====== MATERIAL SHOWN

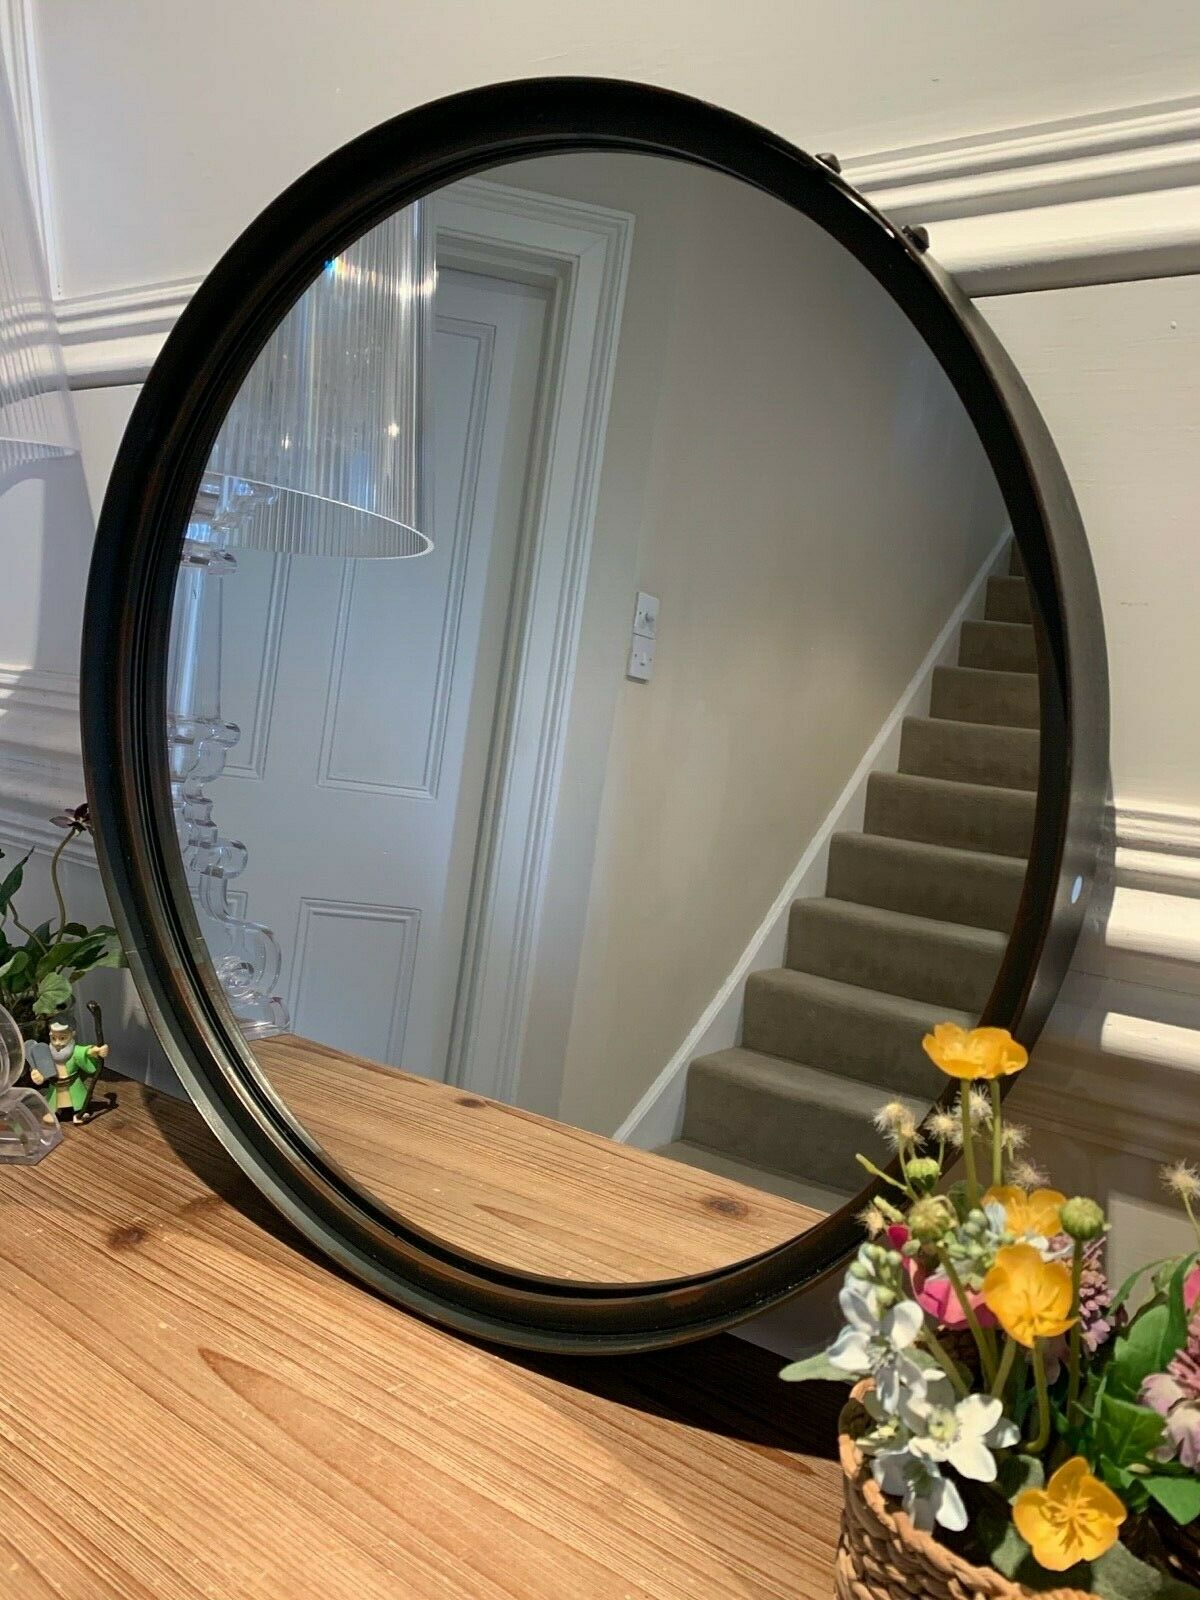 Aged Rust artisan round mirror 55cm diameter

============
====== MATERIAL SHOWN

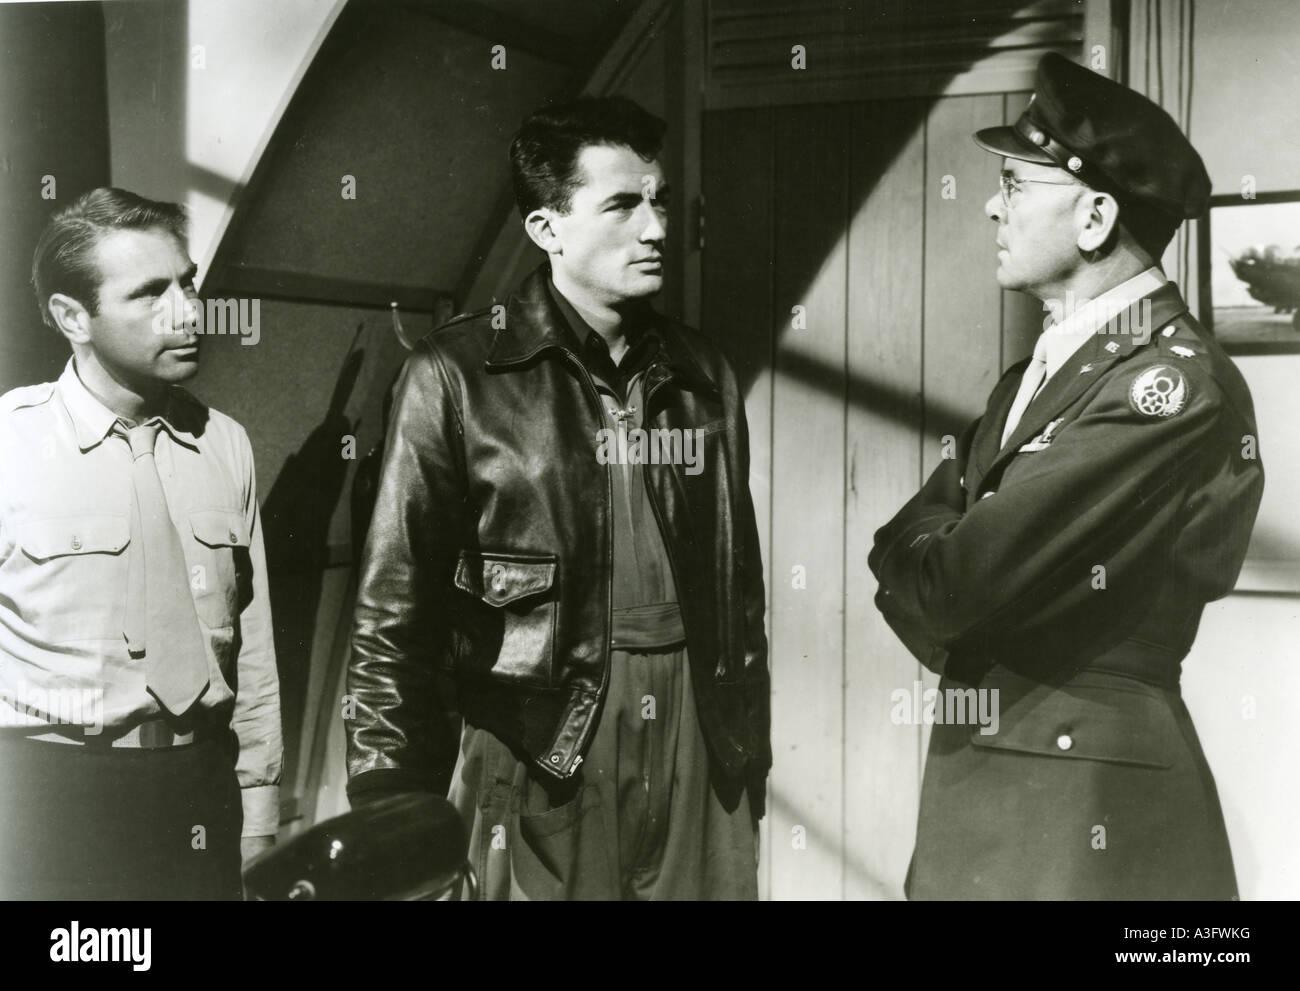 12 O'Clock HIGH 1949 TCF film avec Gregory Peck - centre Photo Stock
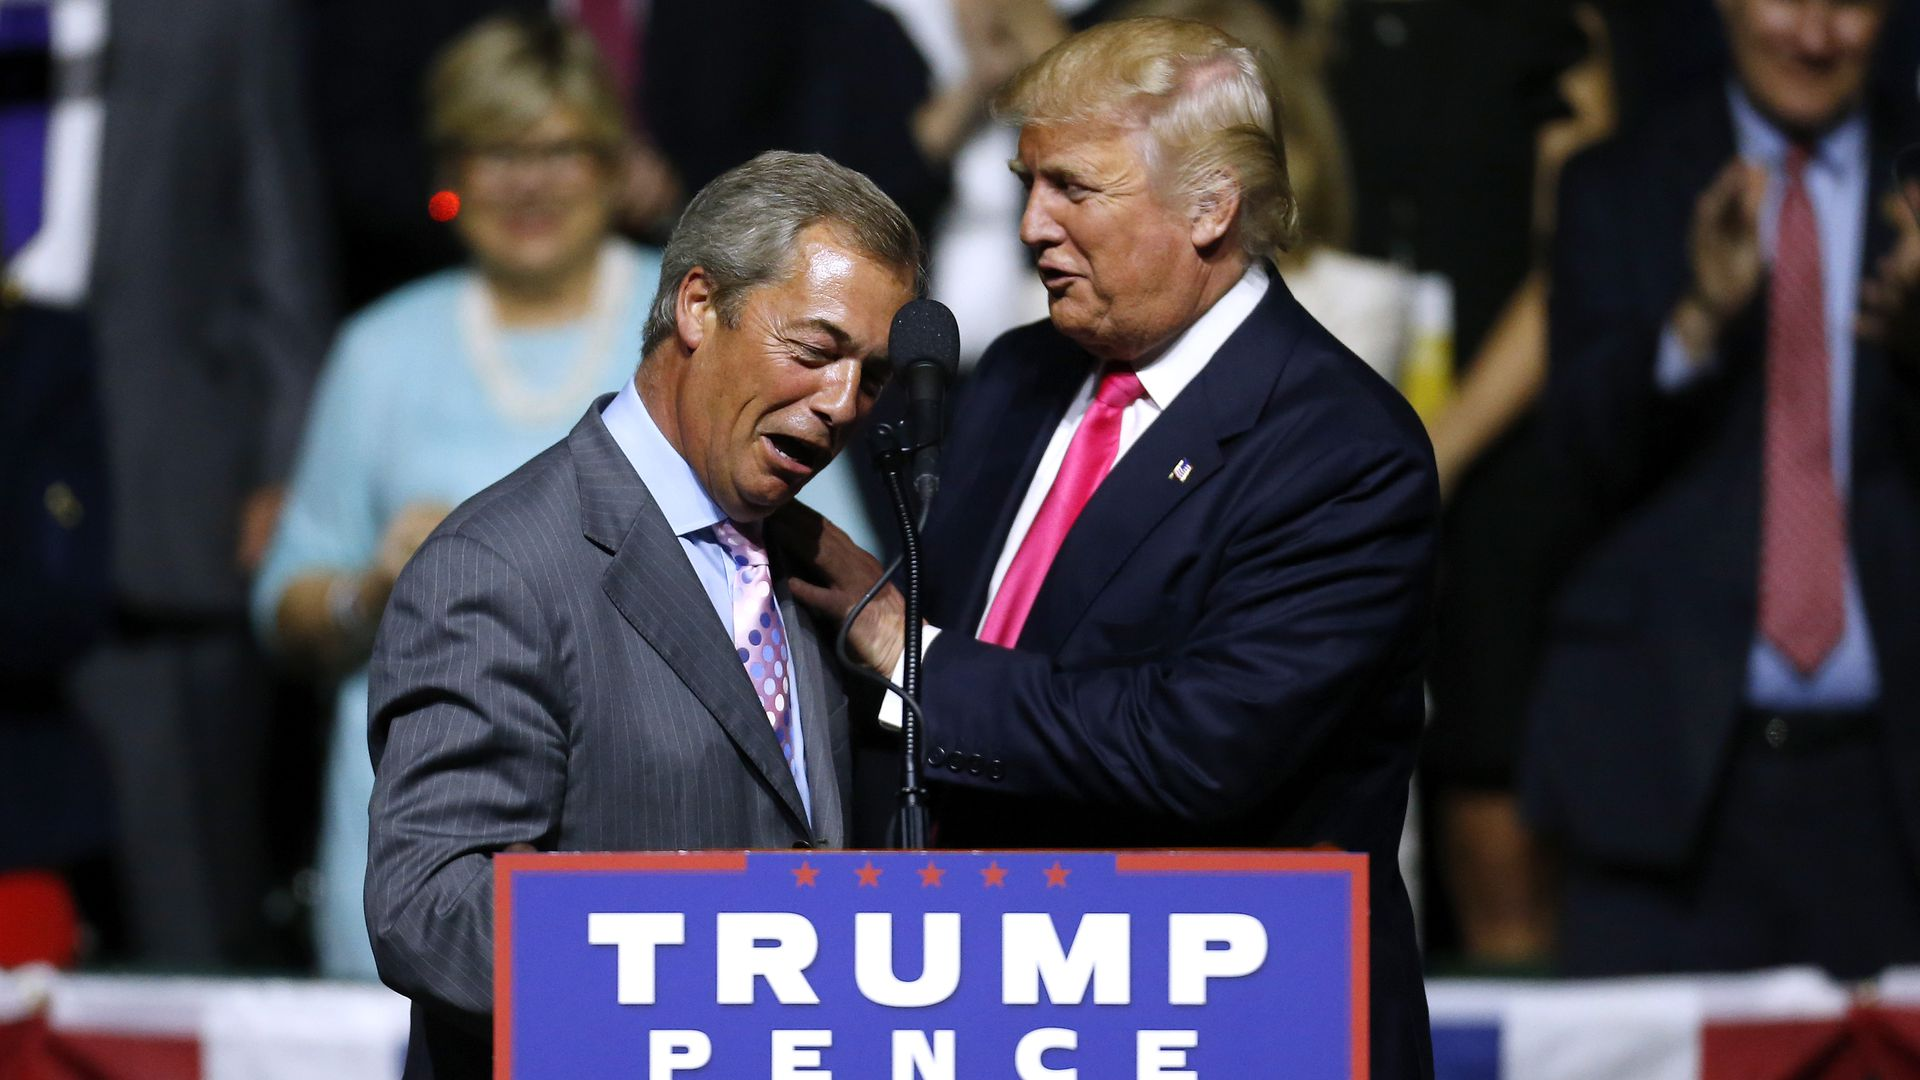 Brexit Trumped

============
====== MATERIAL SHOWN

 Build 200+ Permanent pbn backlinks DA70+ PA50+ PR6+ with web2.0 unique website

============

From the records above, copy only the lines running from the line containing "12 O'Clock HIGH" to the line containing "Brexit Trumped", both ends included. Leave the pictures out.

 12 O'Clock HIGH 1949 TCF film avec Gregory Peck - centre Photo Stock
 Brexit Trumped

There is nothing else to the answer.